SUMMARY OF THE INVENTION
The invention is an audiovisual learning system for a foreign language working in a production and distribution channel system for audiovisual contents, which system
performs the forwarding of the information of an audiovisual content and the distribution, subtitling, translation and presentation to the end user. The distribution channel system involves modules, wherein the audio and/or visual content to be presented exists, which content is presented in a foreign language, means to convert said content into a form to be further processed, means for subtitling of the program with the original language and means for the translation of the subtitled program. The subtitled program contains a video, text and a time code for the synchronization of the text with the video. Furthermore, the system has means for presenting the ready service in a receiver device, and means, with which the information is forwarded between the different modules and furthermore there is a receiver device, wherein the final program is presented. The invention is mainly characterized in that the means for the translation of the subtitled program perform the translation and the subtitling of the translation in accordance with selected translation modes and combines the audio and the visual content and subtitlings. The receiver device has means, with which different translation modes for the subtitling of the original language can be selected, which translation modes are presented in a menu of different functions, from which the selection possibilities are selected in accordance with language, target of translation, and the appearance of the upper and the lower text in accordance with sub menus.
The object of the invention is also an information-forwarding unit used in the system and a method, which performs the system.
The production and distribution channel system of the audiovisual content is preferably a multi-channel publication system or a sc. multi-media publication system, which comprises an analog or digital video, and a distribution channel system of analog and digital TN programs for broadcasting and streaming servers.
The receiver can have means, with which different translation modes of the original subtitling can be selected and also the content provider might have selected desired translation modes in advance to be selected by the consumer.
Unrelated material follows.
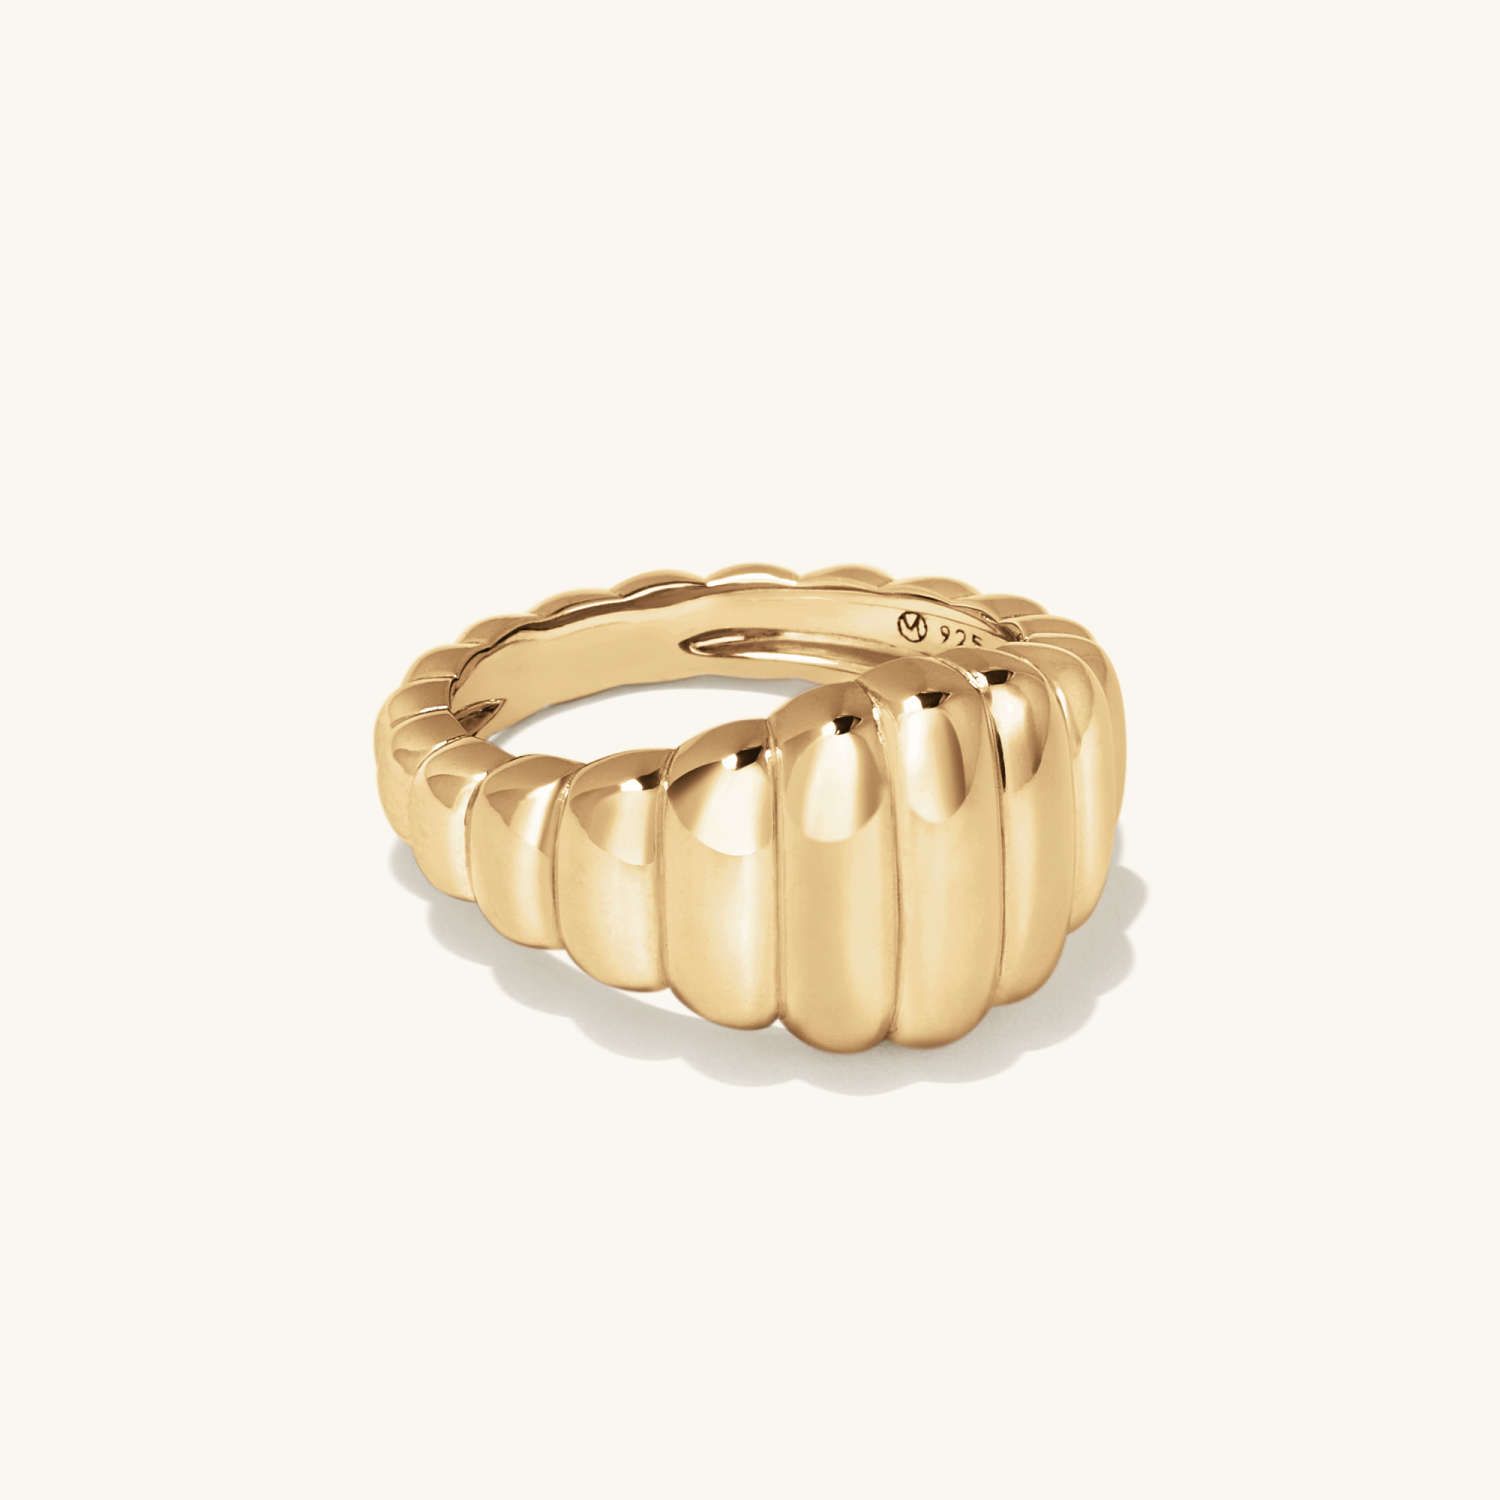 Charlotte Bold Signet Ring: Handcrafted in 18k Gold Vermeil | Mejuri | Mejuri (Global)

In one translation mode, the translated text consists of translations or words or phrases of the original subtitling. The places to be translated and/or the translated places can be presented with a
selected color, whereby the coloring of the translation can be installed to proceed synchronically with the voice of the audiovisual content. Furthermore, the translated words can be in basic form or in the form of the original language and the amount of translated words can be adjusted in different ways according to frequency statistics. Hereby, it can be optional to translate rare words, common words or all words. The subtitling of the starting language of the audiovisual content is preferably above the translated subtitling. The position of the upper or lower subtitling, the font size, the color and the background color can, however, be selected by the end user or by the content provider. Also the difficulty level of the translations can preferably be selected.
The text mode is selected for example by means of a menu, wherein the language selection, the object of the translation, the appearance of the upper text and the appearance of the lower text, are selected. Hereby, the alternatives of the main values are further selected by means of sub menus by selecting one or more alternatives from the sub menus.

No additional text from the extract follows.